Python API

Python API#

Basic usage:

import bio2zarr.tskit as ts2z

root = ts2z.convert(ts_path, vcz_path, worker_processes=8)

This will convert the tskit tree sequence stored at ts_path to VCF Zarr stored at vcz_path using 8 worker processes. The details of how we map from the tskit Data model to VCF Zarr are taken care of by tskit.TreeSequence.map_to_vcf_model() method, which is called with no parameters by default if the model_mapping parameter to convert() is not specified.

For more control over the properties of the output, for example to pick a specific subset of individuals or to specify properties like the contig ID and isolated_as_missing, you can use map_to_vcf_model() to return the required mapping:

model_mapping = ts.map_to_vcf_model(
    individuals=[0, 1], contig_id="chr1", isolated_as_missing=True
)
root = ts2z.convert(ts, vcz_path, model_mapping=model_mapping)

API reference#

bio2zarr.tskit.convert(ts_or_path, vcz_path=None, *, mode='r', model_mapping=None, variants_chunk_size=None, samples_chunk_size=None, worker_processes=0, show_progress=False)#

Convert a tskit.TreeSequence (or path to a tree sequence file) to VCF Zarr format.

Parameters#

ts_or_pathtskit.TreeSequence, str, or Path

A tree sequence object or path to a tree sequence file.

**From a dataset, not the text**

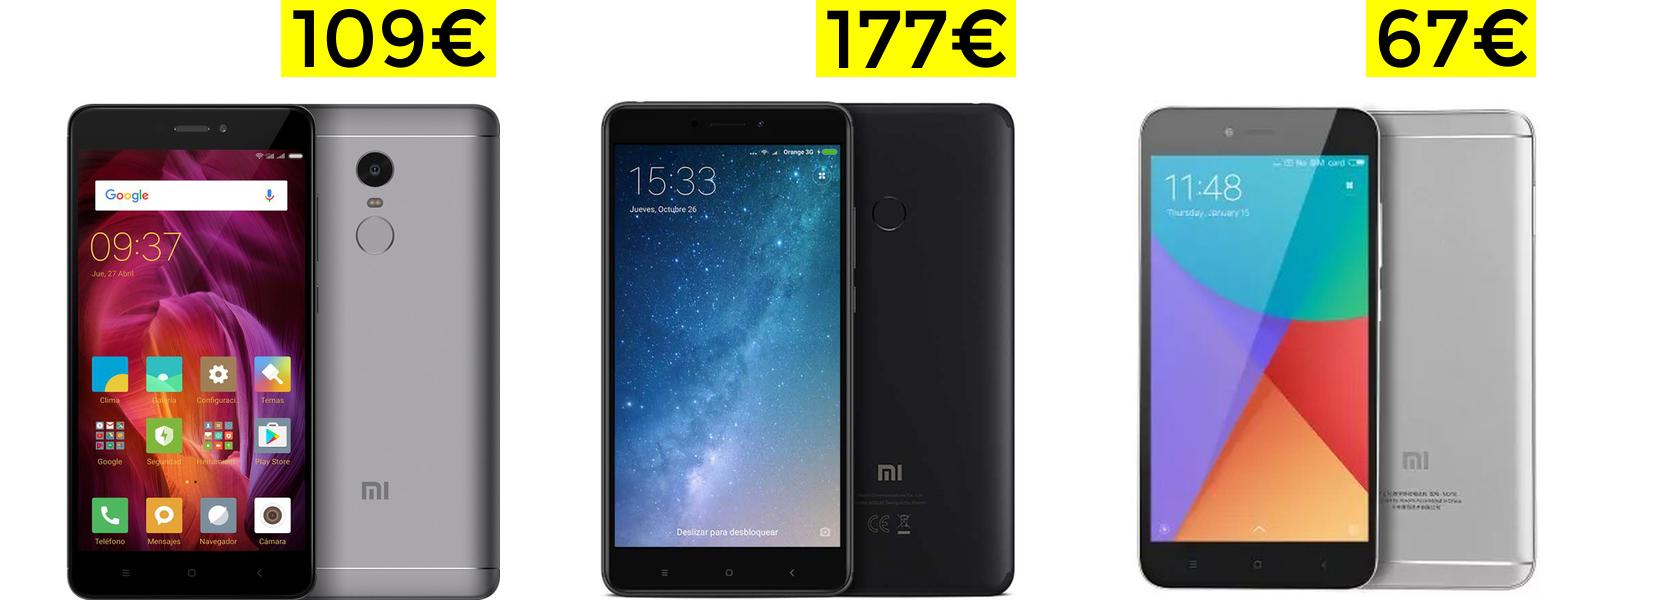 Smartphones Xiaomi desde España a preciazo (Ej: Redmi Note 4 Global a 109€, o 5A a 67€)

vcz_pathstr, Path, or None

Output path for the Zarr store. The output format depends on the value:

  • None: write to a temporary directory and return an in-memory zarr.storage.MemoryStore-backed group.

  • Ends with .zip: write to a directory, then package as a zip archive readable via zarr.storage.ZipStore. The intermediate directory is removed.

  • Otherwise: write directly to the given directory path.

modestr

Mode in which the returned zarr.Group is opened. Use "r" (default) for read-only access or "r+" for read-write access.

model_mappingdict, optional

A mapping returned by tskit.TreeSequence.map_to_vcf_model() controlling how the tree sequence data model is mapped to VCF. If None, map_to_vcf_model is called with default parameters.

variants_chunk_sizeint, optional

Number of variants per chunk. If None, a default is used.

samples_chunk_sizeint, optional

Number of samples per chunk. If None, a default is used.

worker_processesint

Number of worker processes for parallel encoding. 0 (the default) means use the main process only.

show_progressbool

If True, display a progress bar during conversion.

Returns#

zarr.Group

The root group of the Zarr store containing the converted data.